In other embodiments, baseboard 410 comprises various other
components described in relation to FIG. 2. It is noted that any
specific configuration of components of gaming machine 10 and
baseboard 410 which remains compatible with the operations
described may be used and does not depart from the spirit and scope
of the present invention.
[0035] An entire power-off to power-on process is called a power
cycle. Since the combination of components which are coupled to or
directly mounted to baseboard 410 is highly variable, there is an
important need for a gaming machine to be configured to selectively
power cycle the central processing unit baseboard and/or central
processing unit baseboard component(s) of the gaming machine
without physical manipulation of the gaming machine itself in the
event that a specific component or baseboard reset is specifically
required. This may be due to a reported error condition, or as a
portion of a larger logical operation, such as replacing gaming or
operating system specific programmatic instructions with updated
drivers which require a complete reinstallation (or "cold boot") of
the baseboard and associated component(s).
[0036] In one embodiment, gaming system 400 includes a central
processing unit baseboard 410, which includes one or more central
processing units 411, 412, memory 415, a digital logic module 420,
a non-volatile random access memory (NVRAM) module 430, and voltage
controller 440. Memory 415 is utilized by one or more of the
central processing units 411, 412 to store executable instructions,
including but not limited to an operating system, and data.
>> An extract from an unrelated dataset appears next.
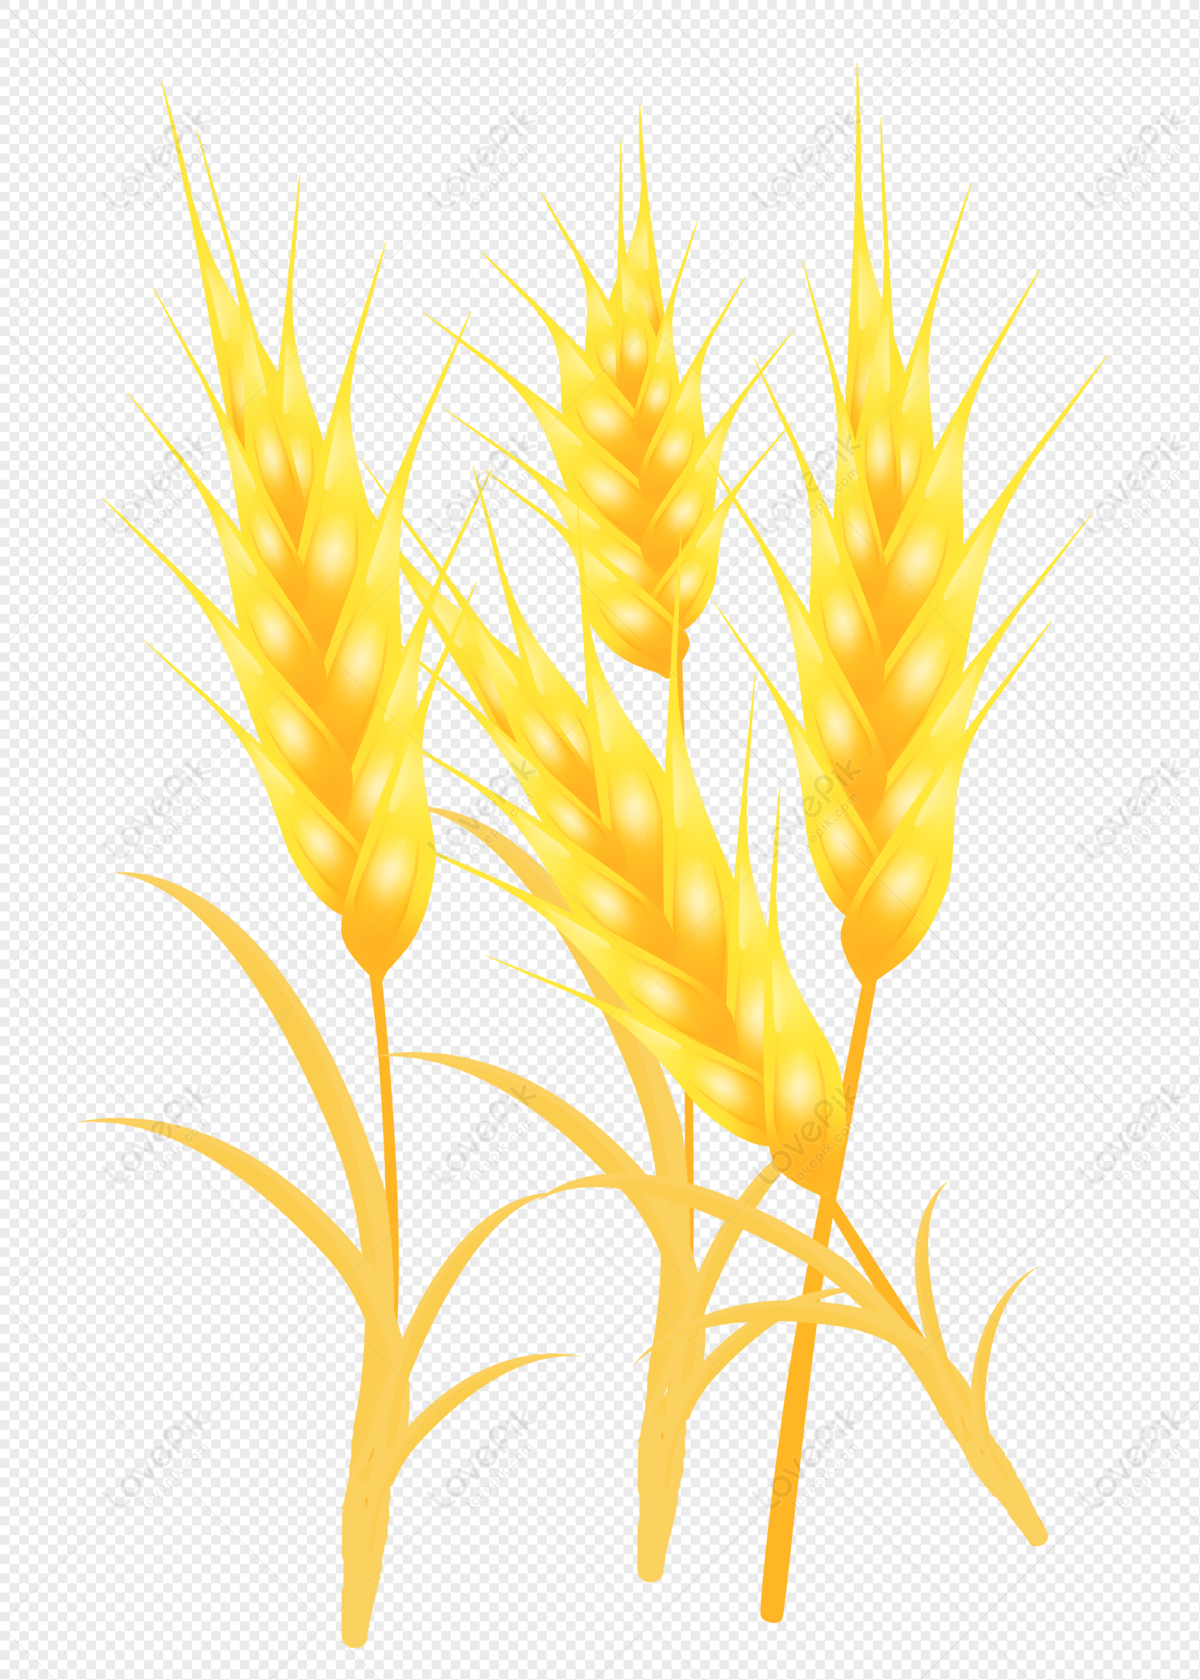 Several Golden Yellow Wheat PNG Transparent Background And Clipart Image  For Free Download - Lovepik | 401362960

Persistent storage unit 417 and 418 (for example, solid state
drive, hard disk drive, flash memory module, or compact flash
module) act as data storage for various components on and off the
central processing unit baseboard 410, including providing
executable programmatic functionality to perform game logic and
interpret/process input from peripherals like buttons and
sensors.
[0037] Digital logic module 420 uses NVRAM 430 to retrieve and
store other persistent data, like maintaining game states,
important or recorded peripheral transactions, system event
logging, etc. During a power cycle, while baseboard 410 power is
deactivated and re-activated (potentially in addition to the
components of baseboard 410), power to NVRAM 430 is typically not
cycled. In one embodiment, NVRAM 430 is battery backed up and
memory contents are preserved across power cycles to maintain
persistent data for a number of different reasons, both operational
and regulatory.
[0038] Digital logic module 420 contains a base address register
(BAR) 450. In one embodiment of the invention, BAR 450 is
instantiated by the physically configured logic and components of
the digital logic module 420. In another embodiment, BAR 450 is
part of an independent memory space. BAR 450 comprises a power
cycling control register (PCCR) 460. Digital logic module 420 uses
BAR 450 to report and access various system information using
various subsections of BAR 450, including PCCR 460 which
specifically dictates that the operating system is calling for a
power cycle of baseboard 410. In one embodiment, PCCR 460 is purely
dedicated to indicating power cycling of the baseboard 410, and is
utilized solely for this purpose; no other meaningful information
is stored in or read from PCCR 460. In one embodiment, software
enabled by the operating system writes a predetermined value to a
specific address offset in BAR 450 corresponding to the PCCR 460.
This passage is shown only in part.